I’ve grown quite fond of this blog. Not only has it given me a book, it’s also served as a way for me to make sense of my Pinoy-in-American life. I’ve said that all along because it’s true. Writing has always been for me, as it has been for others, really a way of thinking. That is, as you’re finding the right words for what you want to say and composing sentences and paragraphs (as I’m doing right now), you’re actually realizing what and how you think of what’s happening around you, so that if you didn’t do it, you wouldn’t have had those thoughts. And it would be a loss on your part.

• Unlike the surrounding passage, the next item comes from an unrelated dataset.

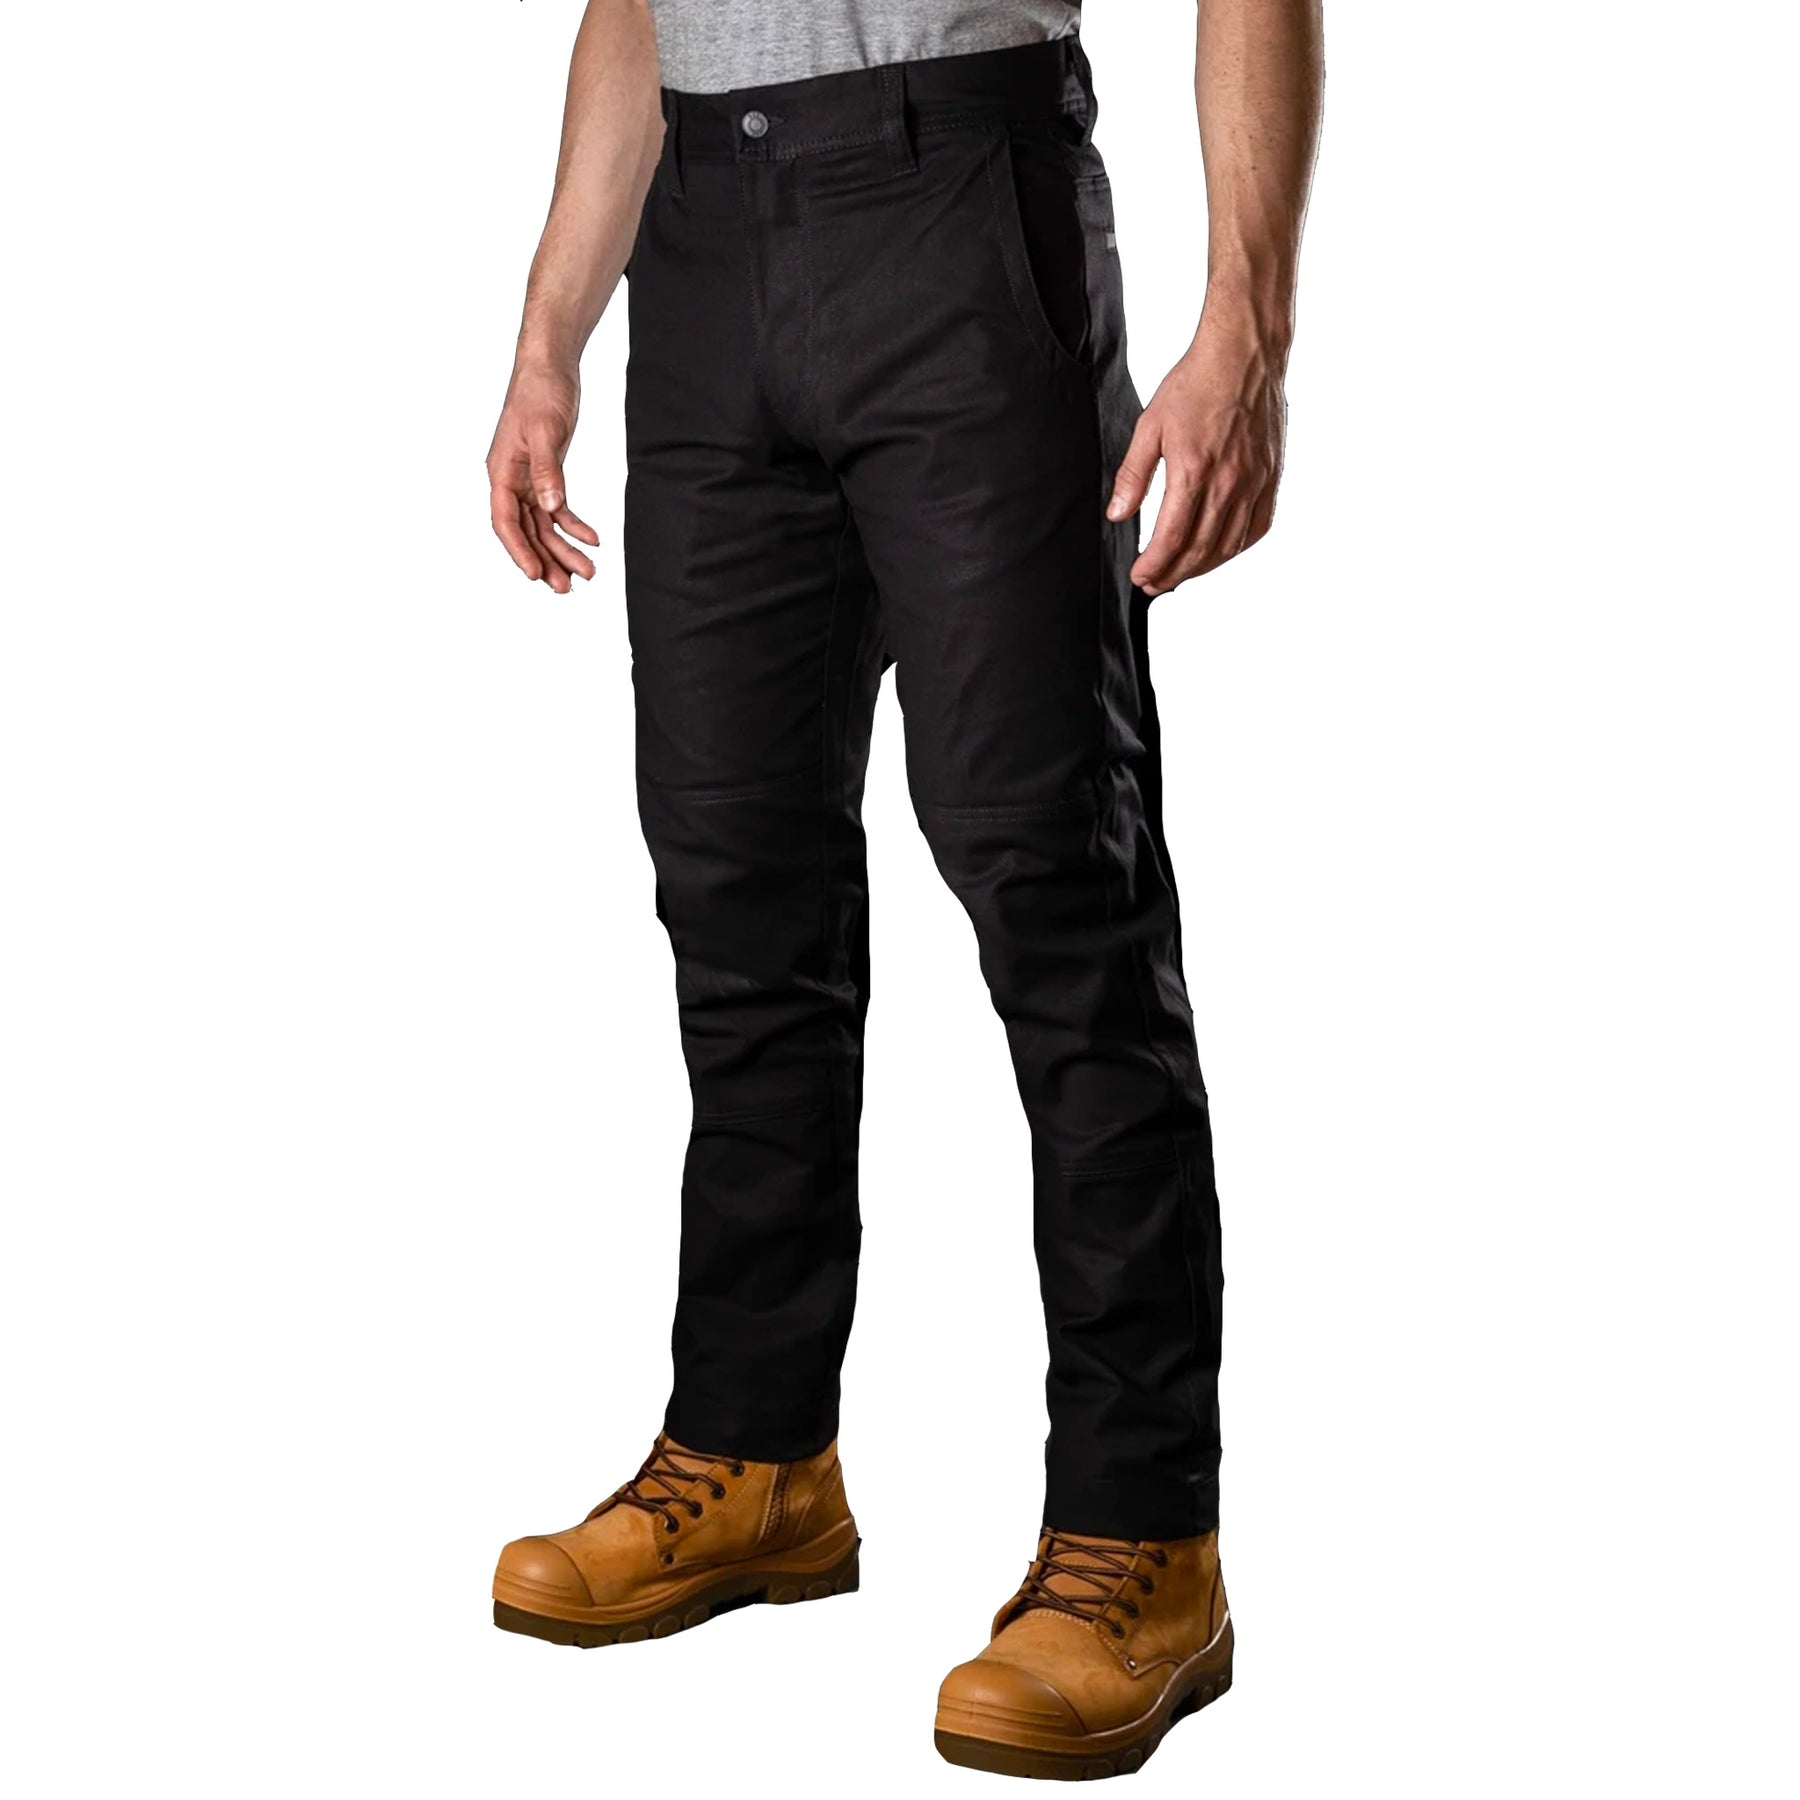 bad 247 slim fit chino work pants in black
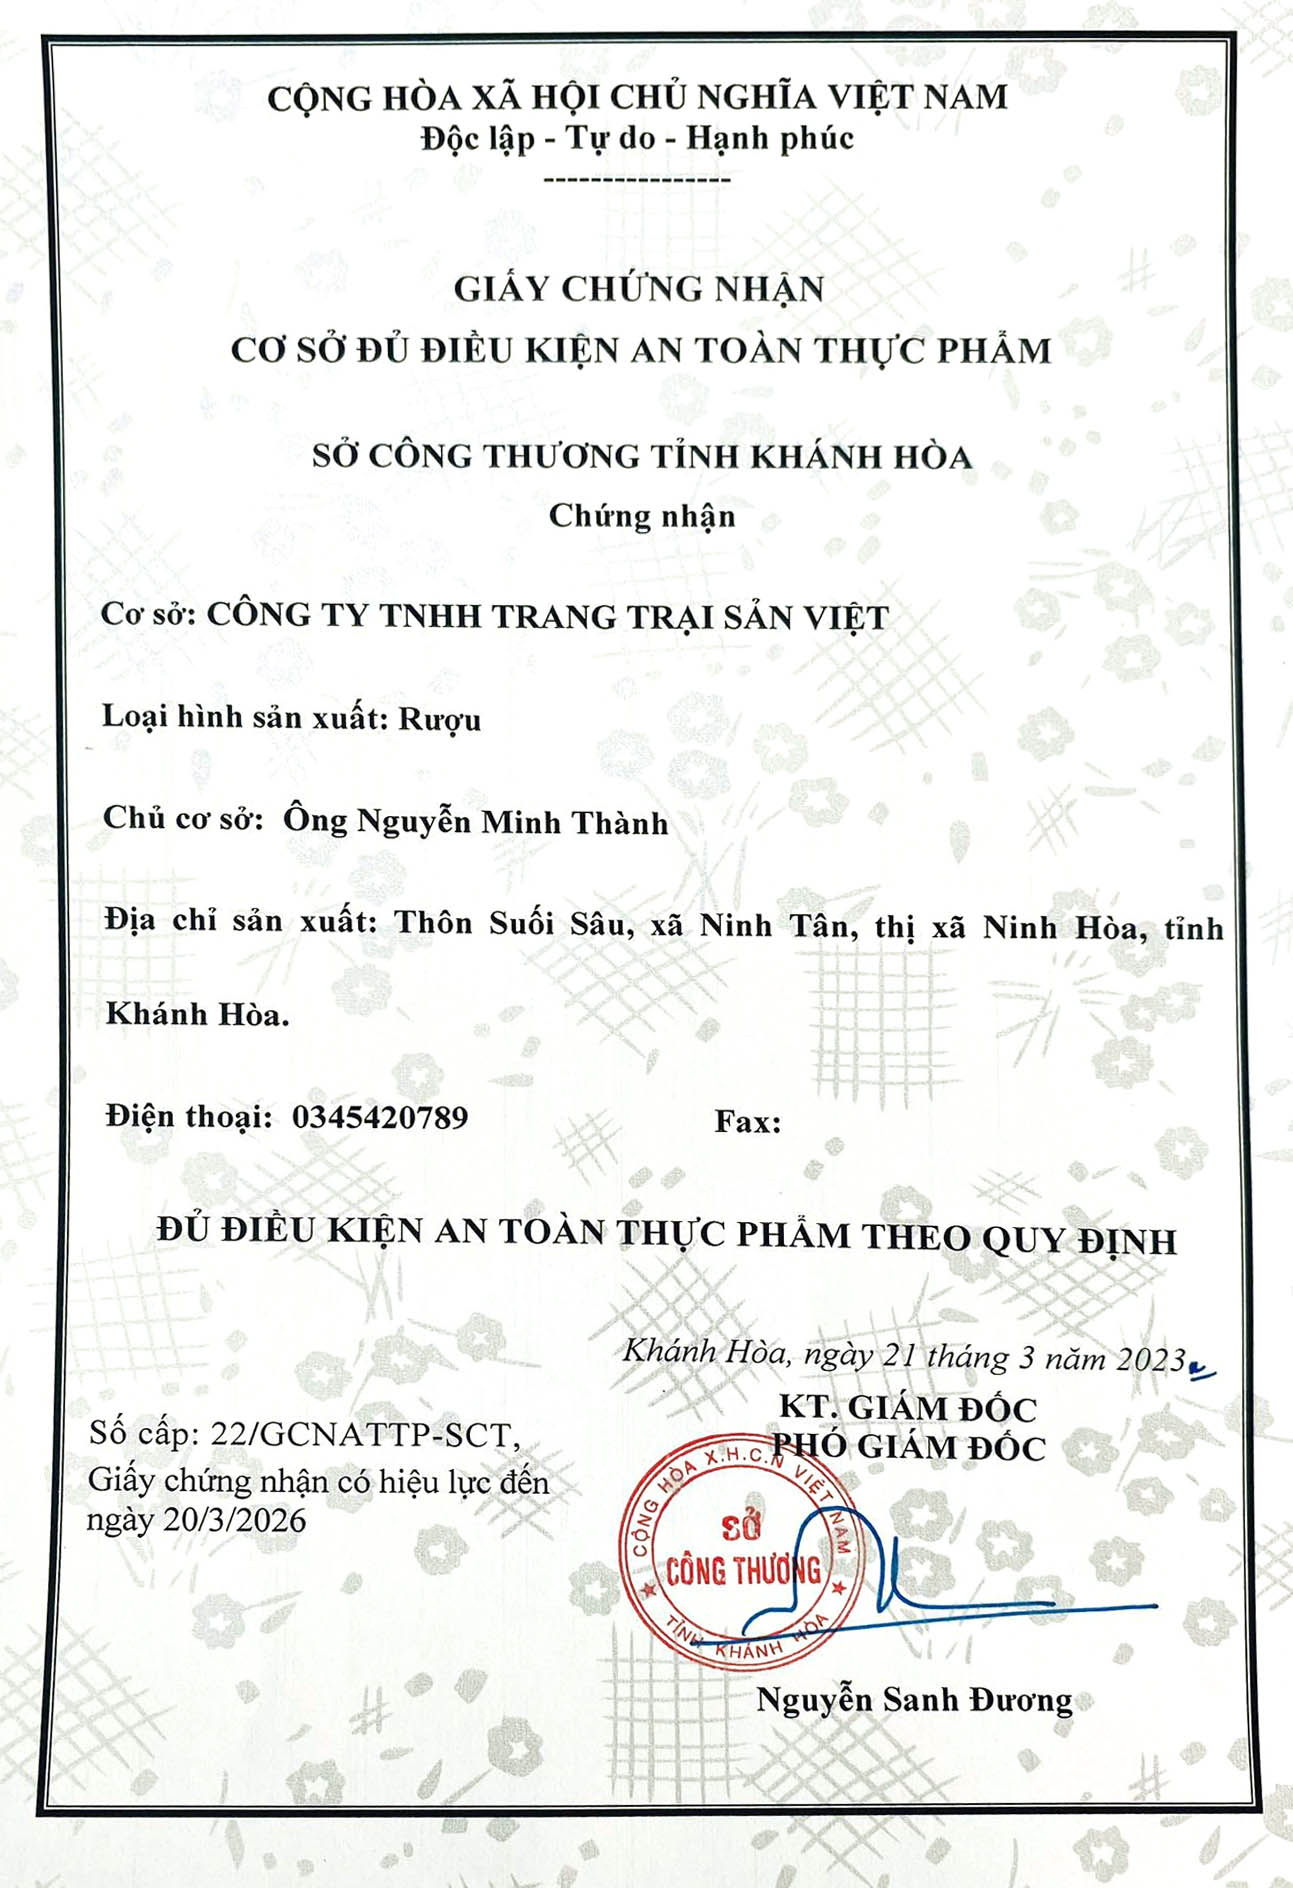 Giấy chứng nhận ATTP Trang trại Sản Việt

Of course, whether it’s such a great loss or not is another matter altogether. But you keep writing because you want me to keep finding out how you feel about things.

Not everyone needs to do that, of course. In fact, most everyone is fine as they go about their lives and they are able to reflect on their experiences as they happen, without writing them down. At the same time, though, you wonder whether some people should make it a point to reflect on what happens to them—whether they do it through writing or some other way. But that’s beside the point.


It’s just the mark of a certain kind of writer that he needs to pause every so often and type away at his keyboard or start scribbling or, these days, tweet. He’s not fine if he doesn’t do it. He wouldn’t die if he didn’t do it—but he would die a little.

This blog has been my notebook these past seven years, a period that’s been markedly different from my previous life. That’s the other component of this project: It’s about something that for me was worth writing (that is, worth thinking) about. I wouldn’t have done it had I stayed in the Philippines, although now that I think about it, it would be interesting to have a blog called “Pinoy in Pilipinas,” that’s by a Pinoy who’s lived elsewhere for a while. Maybe I will do it if and when—who knows?—I go back to live in the Philippines.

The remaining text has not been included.